L’enquête auprès des usagères des maternités, menée par la Direction de la Recherche, des Etudes, de l'Evaluation et des Statistiques (DREES) à la fin de l’année 2006, permet d’établir un état des lieux des attentes et de la satisfaction des femmes ayant accouché en France avant la concrétisation des mesures du plan périnatalité 2005-2007 (autour des thèmes de l'humanité, de la proximité, de la sécurité, de la qualité).

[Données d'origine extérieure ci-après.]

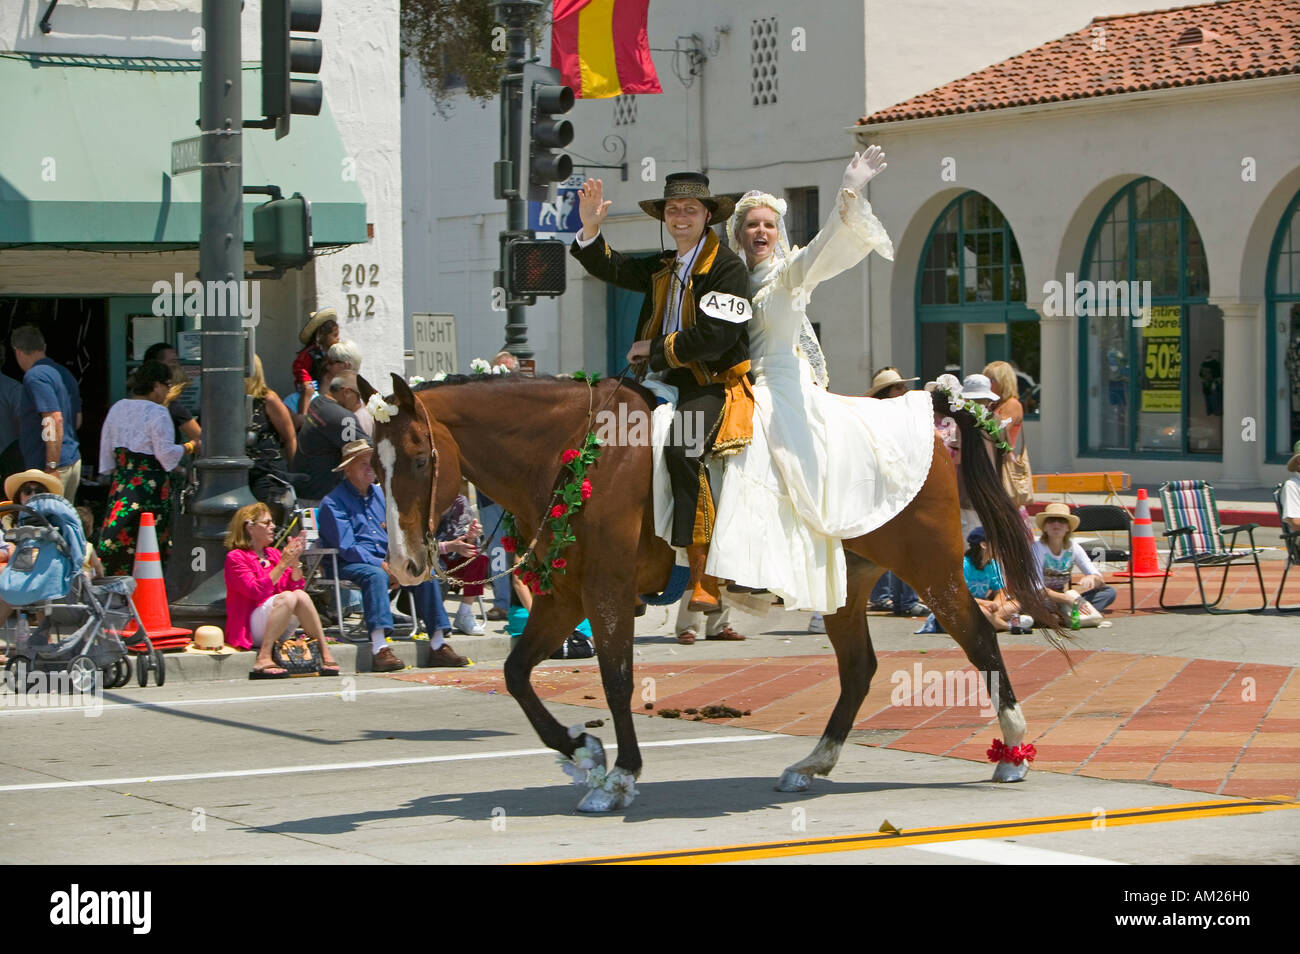 Braut und Bräutigam in spanischen Outfits Reitpferd zusammen während der Öffnungszeiten Tagesparade unten State Street Santa Barbara CA alt Stockfoto

Les premiers résultats (sur 2656 femmes dans 169 maternités de niveau I, II et III) donnent un tableau très positif de la perception qu’ont les usagères de leur suivi de grossesse et du déroulement de leur accouchement, avec plus de 95 % de femmes se déclarant très ou plutôt satisfaites. Près de 90% des femmes sont entrées à la matenité avec le futur père (5% seule et 5% avec un proche)
Celles-ci sont particulièrement sensibles aux qualités humaines des professionnels de santé (dans l'ordre: écoute, accompagnement, dialogues, explications reçues, sécurité de la prise en charge et qualité des prestations techniques) même si elles souhaiteraient être un peu plus informées sur les actes pratiqués au cours de l’accouchement.
Elles sont satisfaites du respect de leur intimité (95%), de leur liberté de mouvement (83%)
Certaines émettent un avis négatif sur l'accompagnement de l'allaitement maternel (entre 9 et 14.5%)
Sur la préparation à la sortie de la maternité, elles sont ainsi entre 15 et 35 % à être plutôt pas ou pas du tout satisfaites des informations et conseils médicaux qui leur sont prodigués afin d’assurer les soins de suites de couches : 16 % pour les soins de déchirure, 20 % pour les soins de cicatrice liée à une césarienne, 22 % pour les soins conséquents à une épisiotomie et 33 % pour ce qui est de la rééducation du périnée.
Près de quatre femmes sur dix déplorent avoir été mal préparées aux éventuels troubles post-partum (pertes vaginales, retour de couches, poids, fatigue, sommeil, etc.).
L’enquête suggère cependant que des progrès peuvent encore être accomplis en matière de conseils et d’informations pour préparer la sortie de la maternité, une femme sur cinq déplorant des carences dans ce domaine.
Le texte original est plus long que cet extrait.